Due giorni prima di quel 18 marzo 1978 le Brigate Rosse avevano rapito Aldo Moro: erano i cosiddetti “anni di piombo”, gli anni delle bombe, dei sequestri, dei ferimenti, degli scontri tra manifestanti e forze dell’ordine e tra estremisti di destra e di sinistra. Fausto e Iaio avevano 19 anni, avevano passato il pomeriggio con gli amici e verso le 19.30 si incontrarono nella zona del Leoncavallo, nel quartiere Casoretto. Avevano deciso di andare a cena a casa di Tinelli e poi di uscire di nuovo per andare a un concerto nel loro centro sociale.
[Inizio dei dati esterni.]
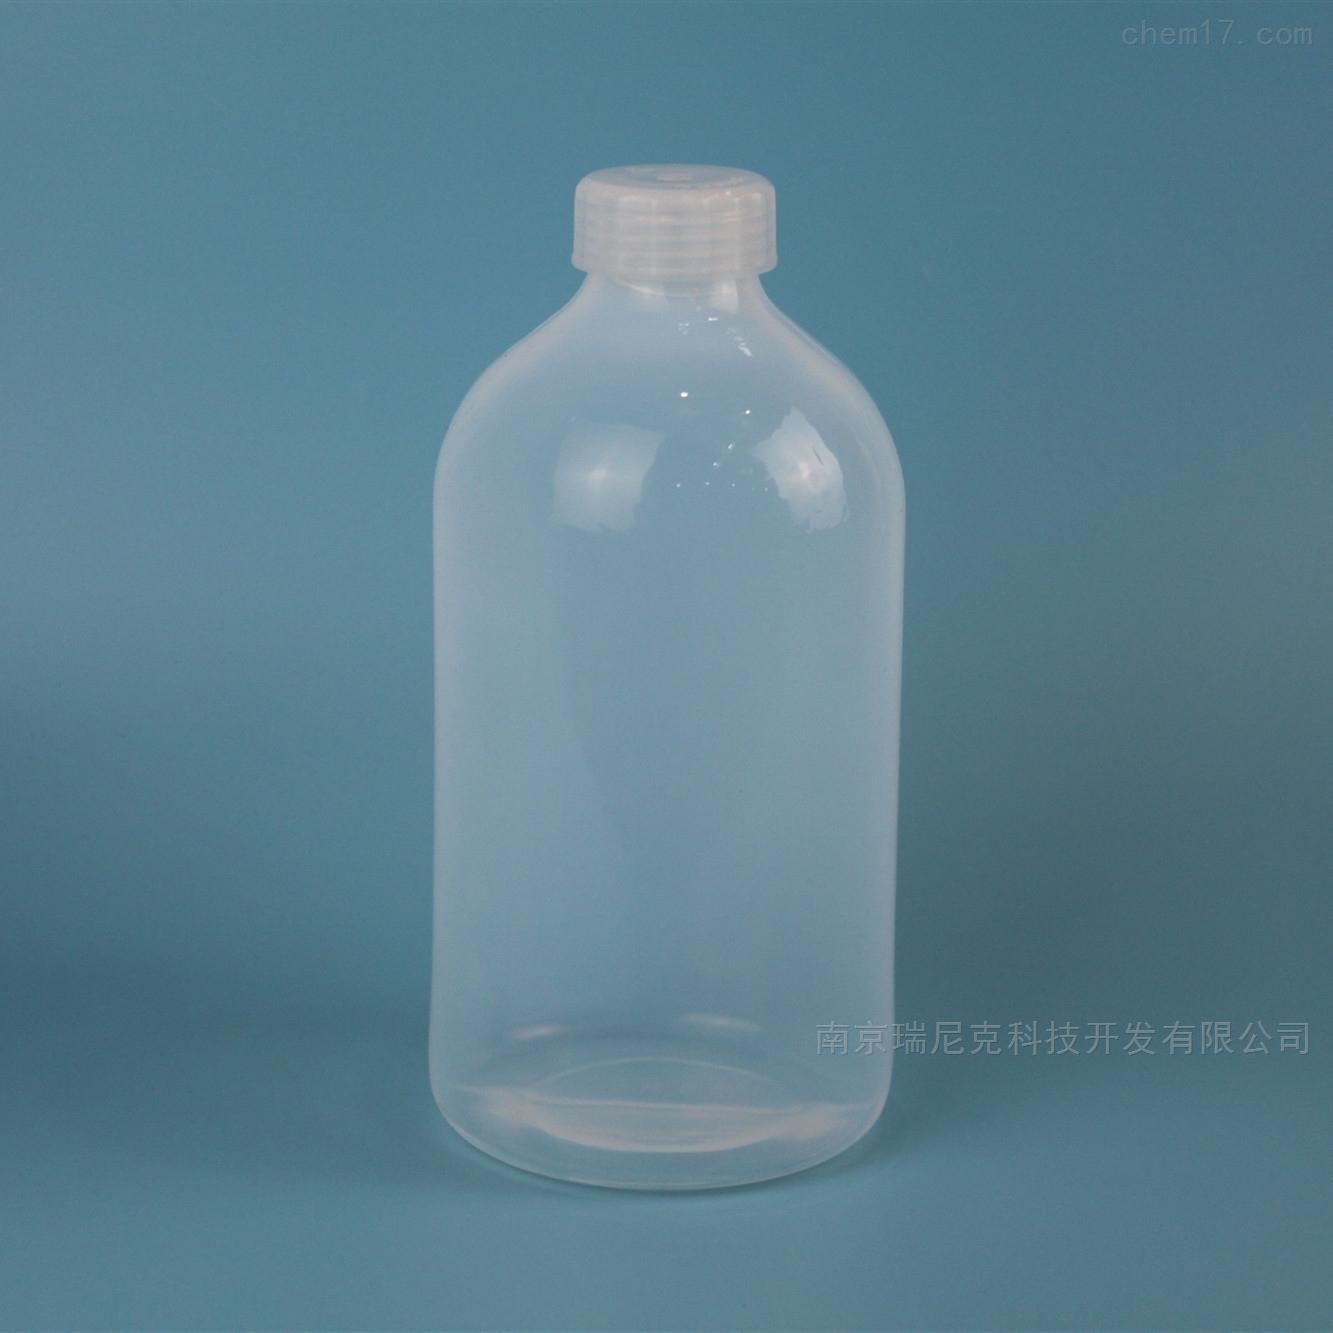 PFA试剂瓶/样品瓶/取样瓶500ml高透明

Fra le 19:30 e le 19:45 arrivarono all’angolo tra via Casoretto e via Mancinelli. Lì c’era un’edicola e l’uomo che vendeva i giornali li sentì commentare i titoli sul sequestro Moro. Erano quasi le otto. Qualcosa in via Mancinelli attirò la loro attenzione: c’erano delle persone, forse i due furono chiamati. Fu Marisa Biffi, una donna che stava andando in parrocchia con le due figlie, a testimoniare quello che accadde: sul marciapiede che stava percorrendo vide tre ragazzi di circa vent’anni, in piedi, e poco distante da loro un altro ragazzo che si teneva lo stomaco e che si accasciava per terra. Poi sentì tre colpi ovattati e vide uno dei tre giovani sparare con una pistola nascosta dentro un sacchetto di plastica. Infine vide i tre ragazzi scappare a piedi verso via Leoncavallo, accorgendosi solo in un secondo momento che a terra c’era il corpo di un altro ragazzo. Marisa Biffi disse che i tre avevano circa vent’anni: uno di loro indossava un impermeabile molto chiaro, l’altro una giacca color cammello e l’ultimo un giubbotto di pelle marrone:
«Odo tre colpi attutiti che lì per lì sembrano petardi tanto che penso che quel gruppo di quattro persone sta scherzando. Non vedo alcuna fiammata di arma da fuoco. I tre giovani sul marciapiede scappano velocemente mentre quello che è piegato su se stesso cade in terra. Solo allora comprendo che è successa una cosa pazzesca e mi avvicino al giovane caduto anziché entrare subito nella parrocchia. Scorgo la fisionomia di un ragazzo steso per terra in una pozza di sangue. Subito oltre il suo corpo e quindi più vicino alla via Leoncavallo, c’è davanti a me, a un paio di metri, il corpo di questo ragazzo che prima non avevo visto né in piedi né a terra. (..) Nessuno dei due ragazzi pronuncia alcuna parola, neppure un’invocazione di aiuto» (testimonianza raccolta nel libro di Daniele Biacchessi La speranza muore a 18 anni).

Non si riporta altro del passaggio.